▸ Your task: The response should consist of the data below, copied exactly, with no pictures in it.

▸ Recorded data:
# # #
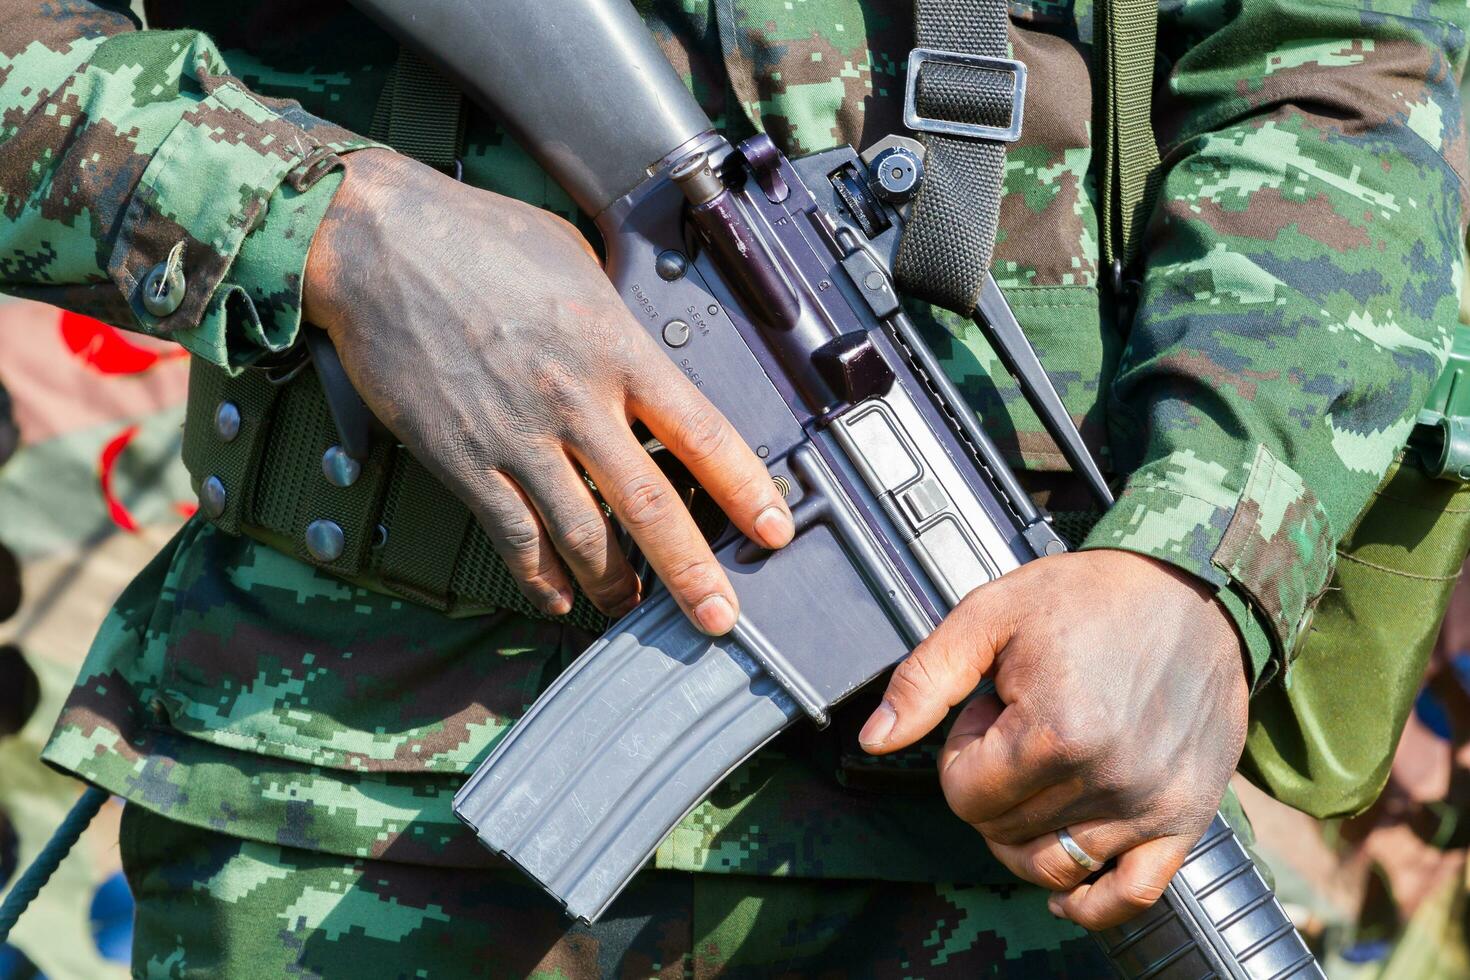 närbild manliga soldat händer som håller kulsprutan foto
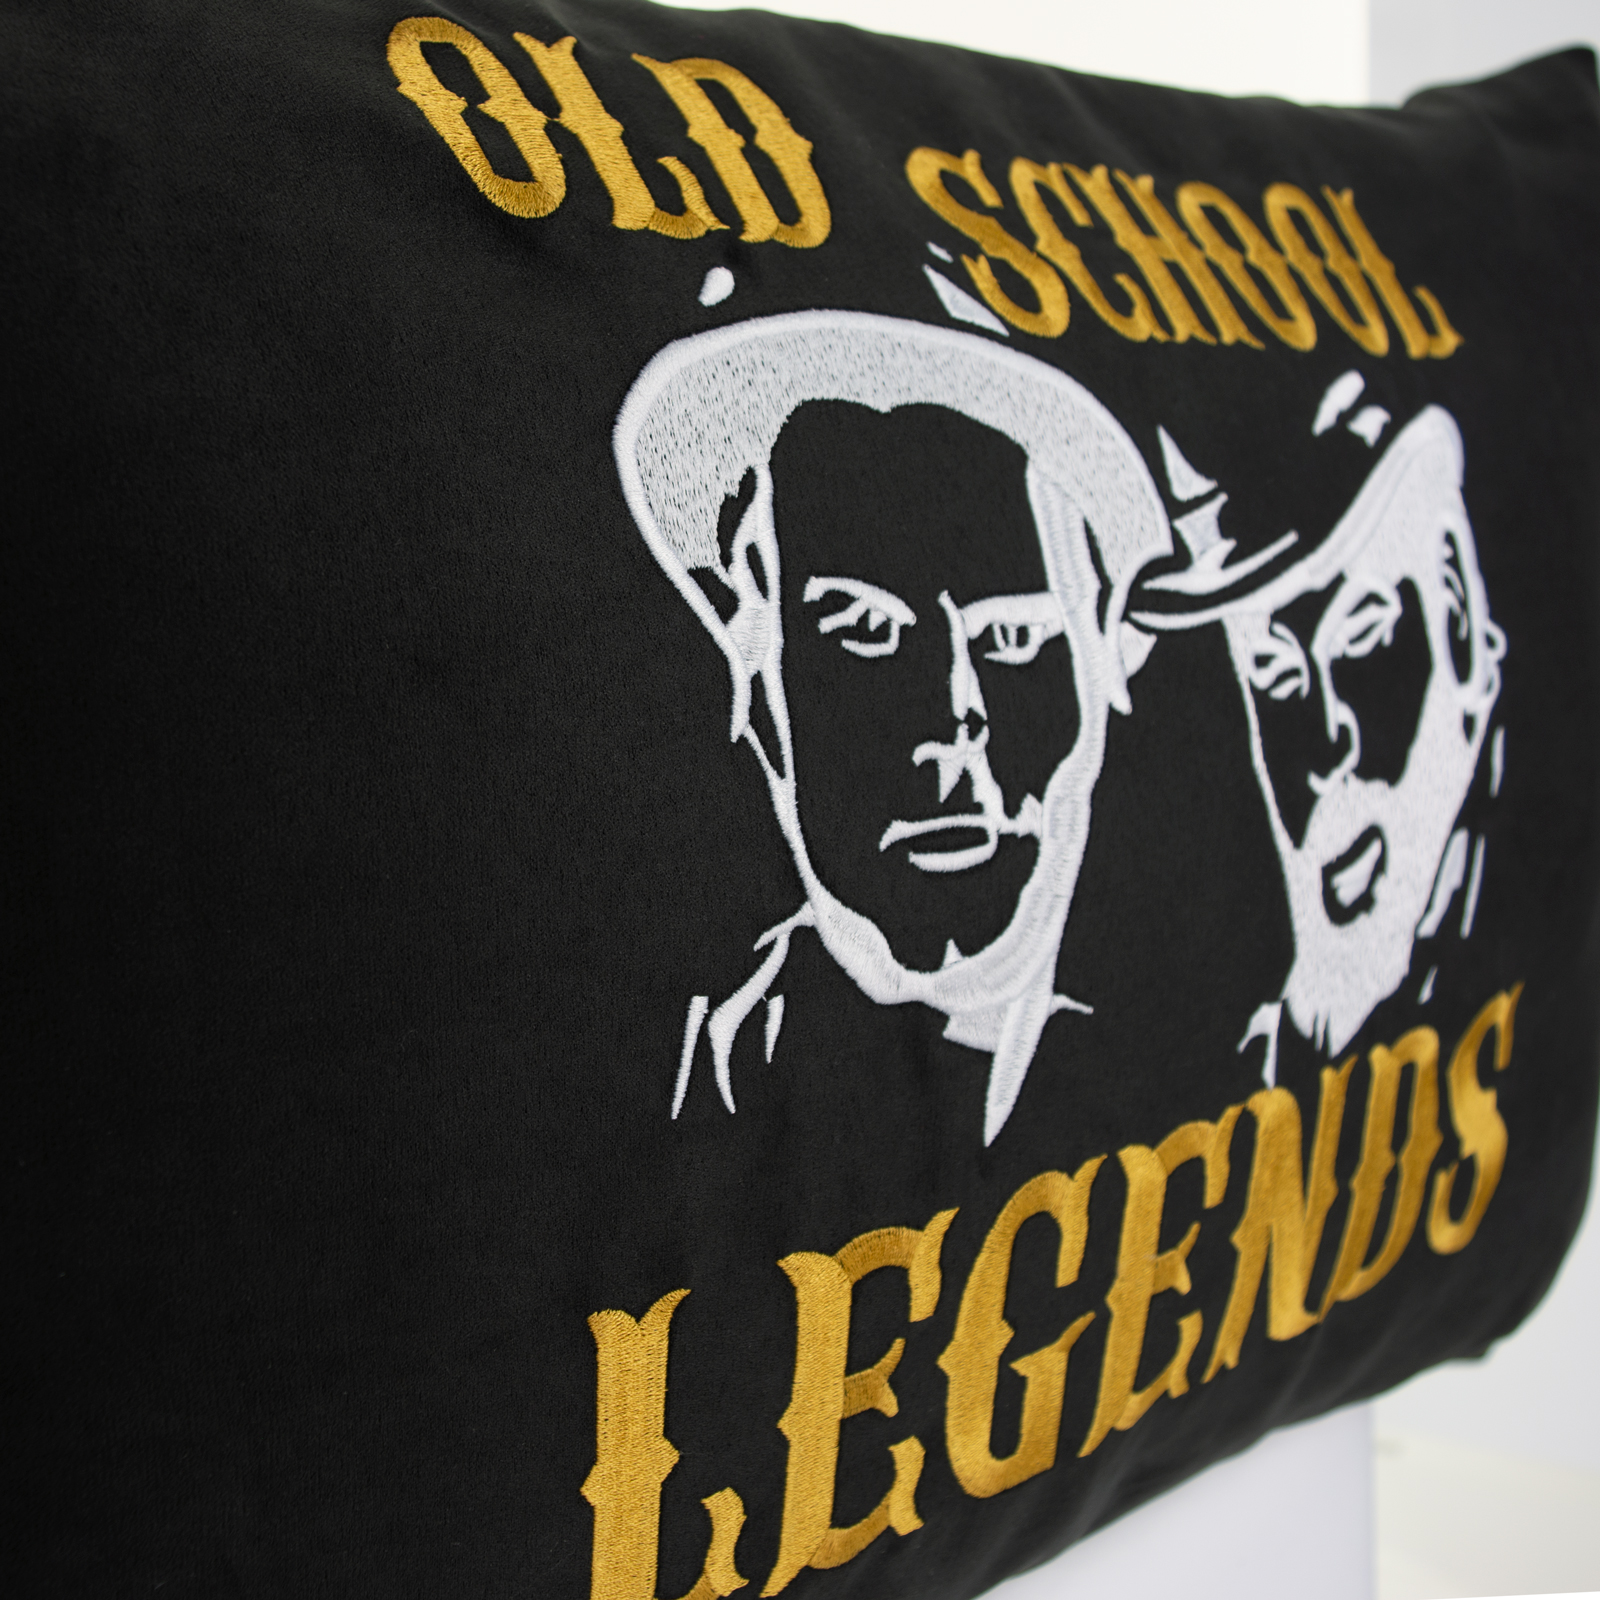 Old School Legends - Kissen
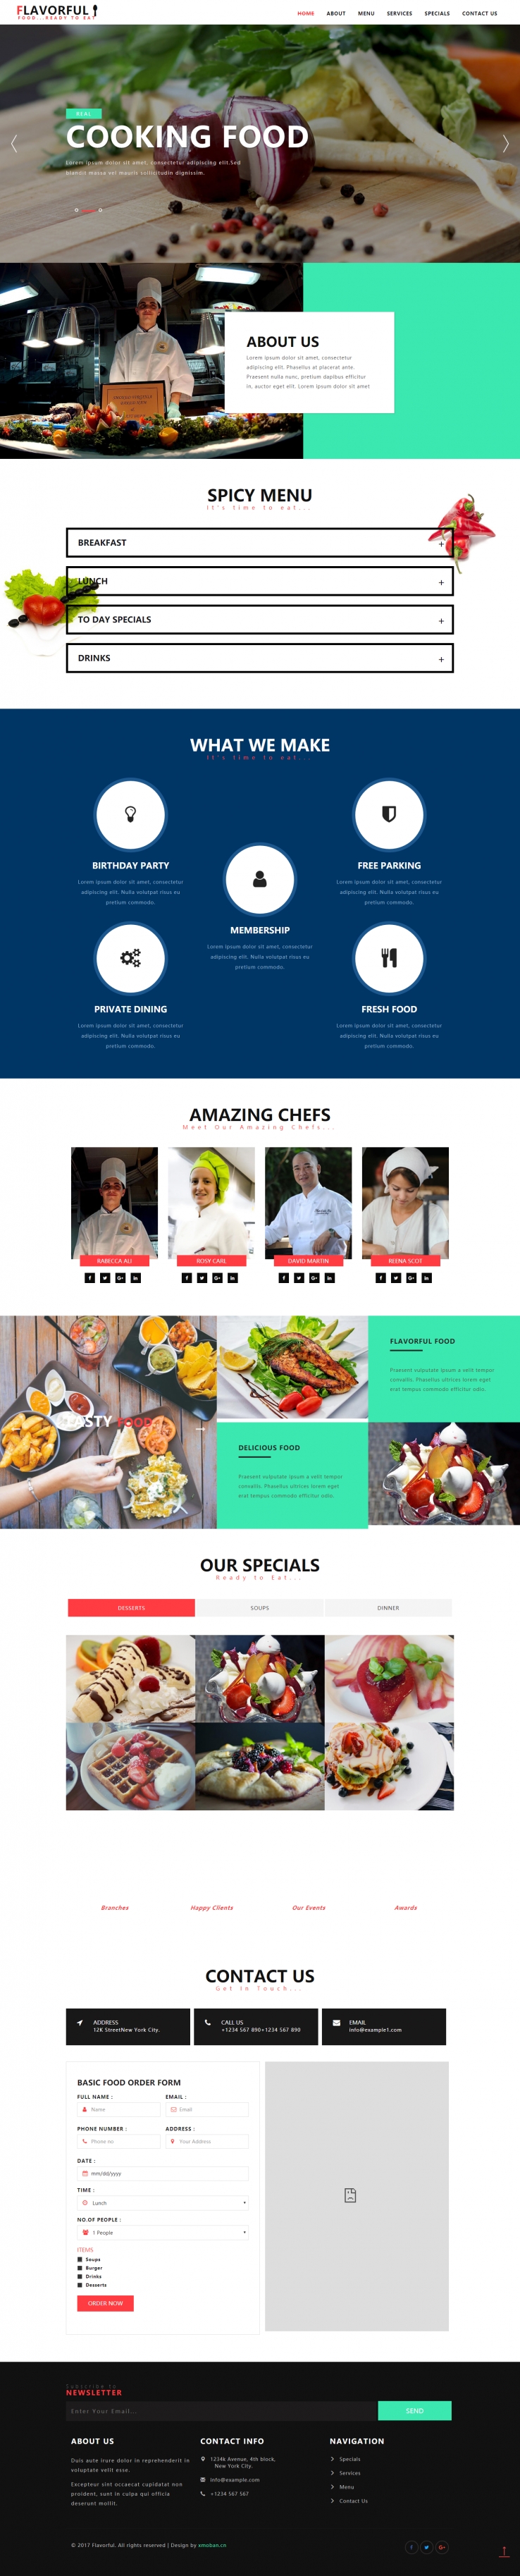 红色欧美风格的餐厅服务企业网站源码下载
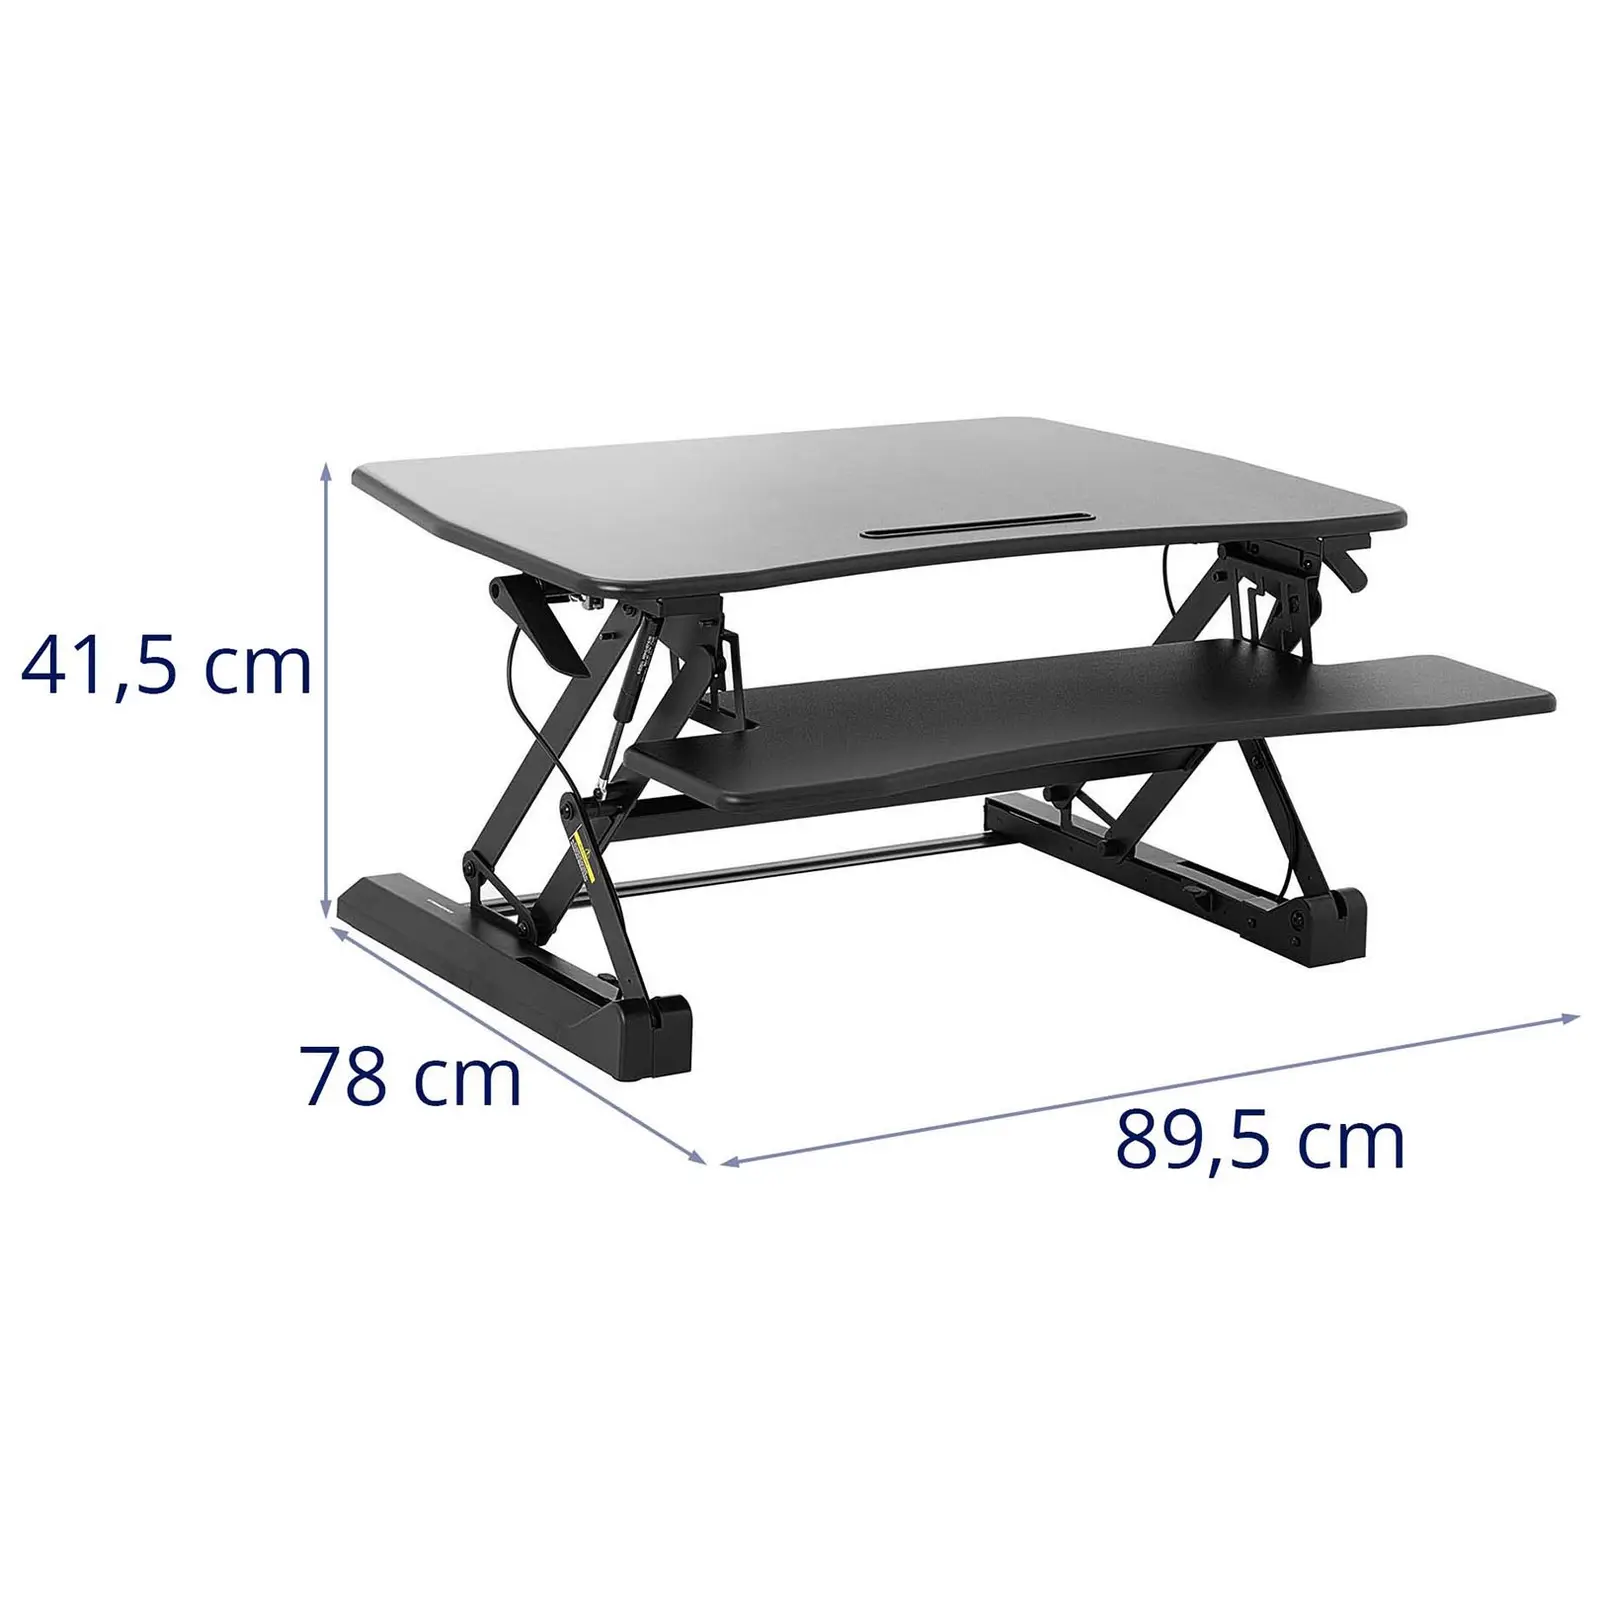 Nástavec na stůl - plynulé nastavení výšky - 16,5 až 41,5 cm
# # #
▸ Solved exercise:
 närbild manliga soldat händer som håller kulsprutan foto
 Old School Legends - Kissen
 红色欧美风格的餐厅服务企业网站源码下载
 Nástavec na stůl - plynulé nastavení výšky - 16,5 až 41,5 cm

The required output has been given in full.